Emmanuel Macron doit savourer sa vengeance sur le colonel Goïta, en ce dimanche 9 janvier. Son premier déplacement en qualité de président en Afrique, il l’avait réservé aux militaires français de la base de Gao (mai 2017). Le président IBK était parti à sa rencontre. La France régnait en maître au Mali, c’était la belle époque ! Fin décembre 2021, Emmanuel Macron annule son Noël à Gao, la donne a changé, il faut passer par Bamako !

Durant son mandat, Emmanuel Macron a beaucoup appris sur l’Afrique. Il faut travailler les alliances, placer des chevaux de Troie (Macky Sall et Alassane Ouattara), se faire petit si nécessaire (appel à plus grand que soit, à l’exemple des Etats-Unis : exclusion AGOA), refonder une rhétorique sur la démocratie à géométrie variable. Au Mali, cette nouvelle stratégie française de la contre-attaque peut porter ses fruits : élimination politique ou physique du colonel Goïta, rapprochement de la France vers les partis politiques opposés aux Assises Nationales de Refondation (dont le prochain président malien sera issu er donc contrôlable !), déclenchement de la guerre d’information sur Wagner par les journaux français, financement de la société civile africaine (Sommet Montpellier Afrique France) …

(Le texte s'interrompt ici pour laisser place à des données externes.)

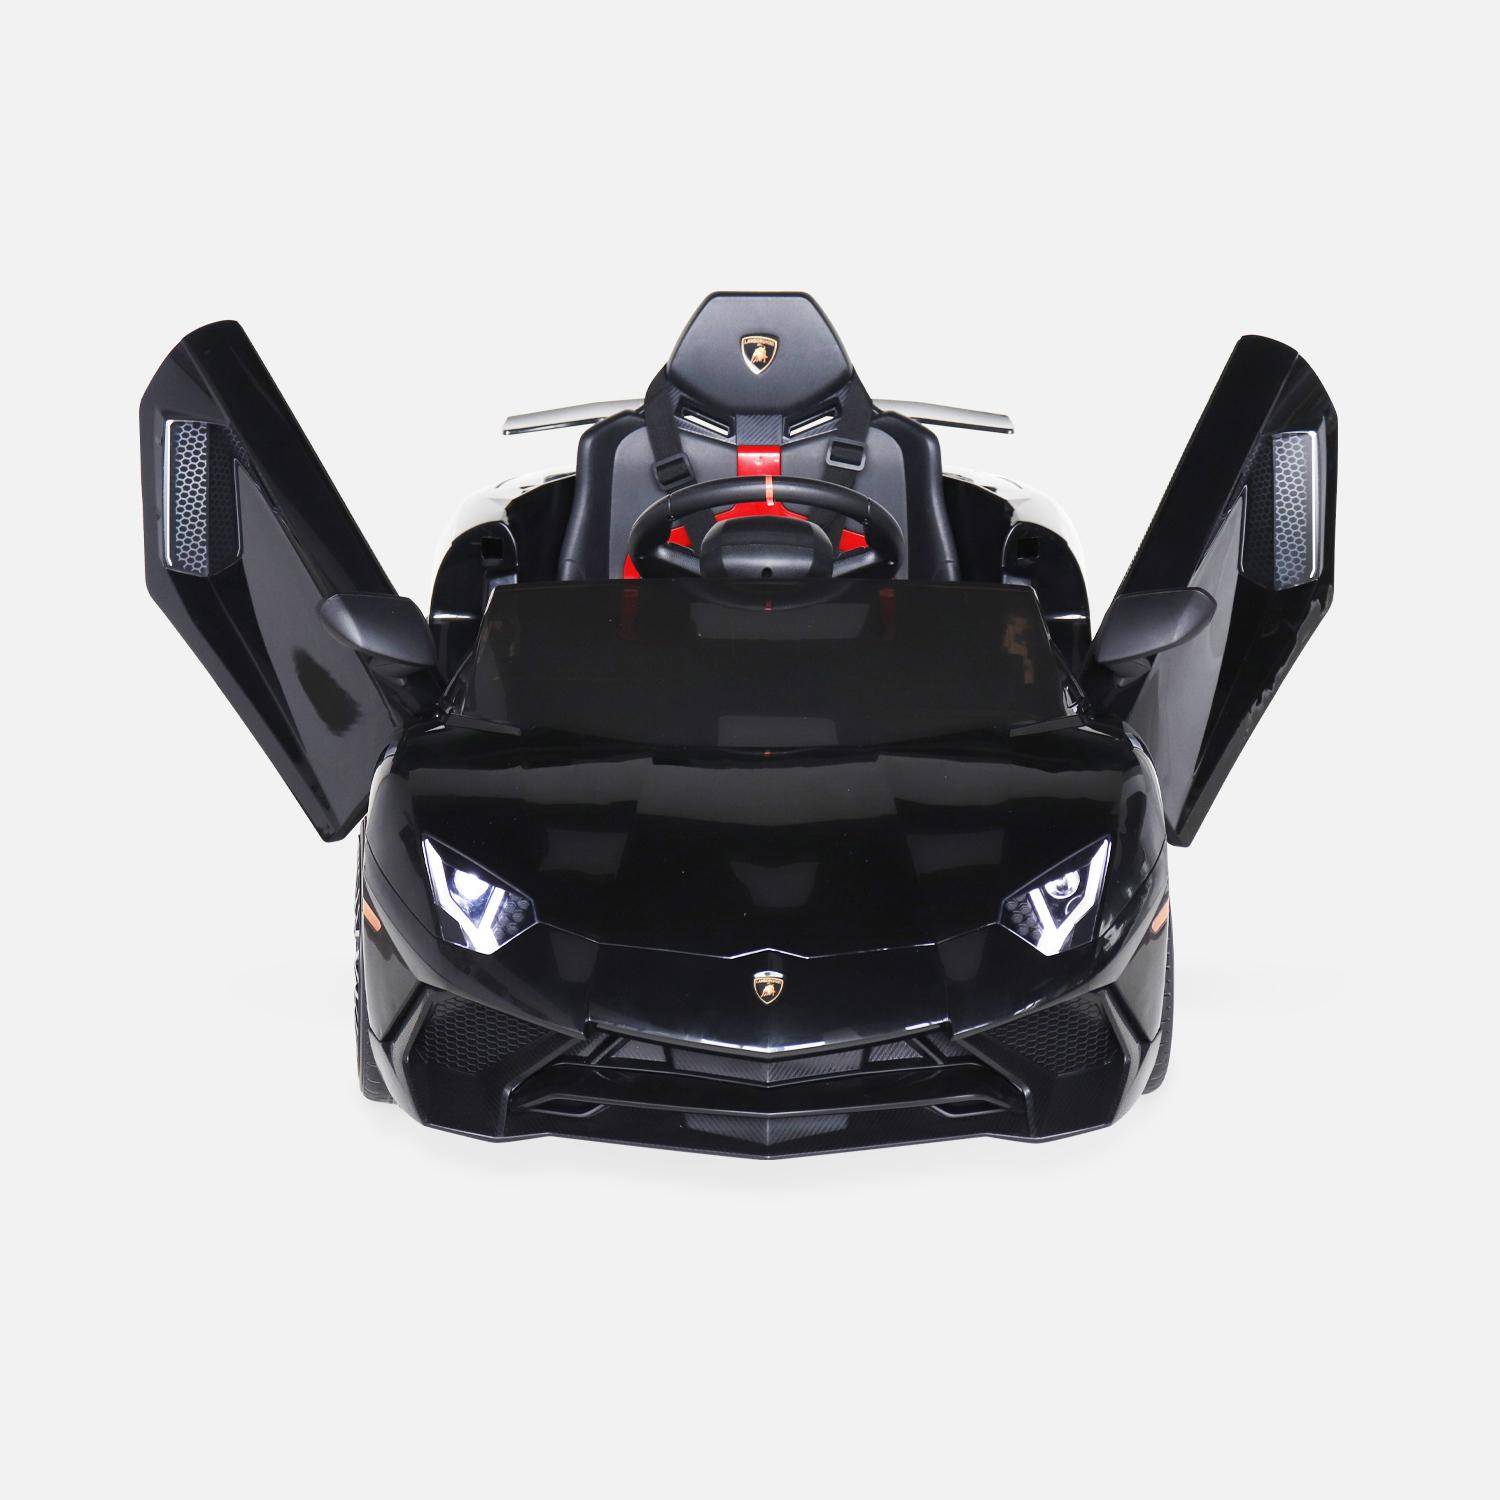 Voiture électrique 12V pour enfant Lamborghini, noir, 1 place, avec autoradio, télécommande, MP3, port USB et phares fonctionnels,sweeek,Photo6

Le pouvoir civil malien piaffe d’impatience de revenir aux affaires du pays. C’est dans l’ordre normal de la vie politique. Pour autant, ce même pouvoir civil a-t-il fait son mea culpa à l’égard de la population malienne ? Corruption, incompétence notoire, ont été à l’origine de l’effondrement de l’État malien. Si la démocratie doit faire son retour au Mali, ne faut-il pas s’assurer avant tout d’une maturité républicaine ? À quoi bon de remettre au pouvoir des civils inaptes à l’exercice républicain du pouvoir ? Quel a été le bilan du pouvoir civil face à la dégradation sécuritaire au Mali ?

Un duel en France avait fait naître l’expression « Coup de Jarnac ». Ce dimanche 9 janvier 2022, le 4ème Sommet extraordinaire de la CEDEAO sur la situation du Mali aura fait naître une nouvelle expression « Coup d’Accra », connue dès lors qu’il s’agira d’étrangler un peuple, sans foi ni loi, pour servir des intérêts obscurs et contradictoires.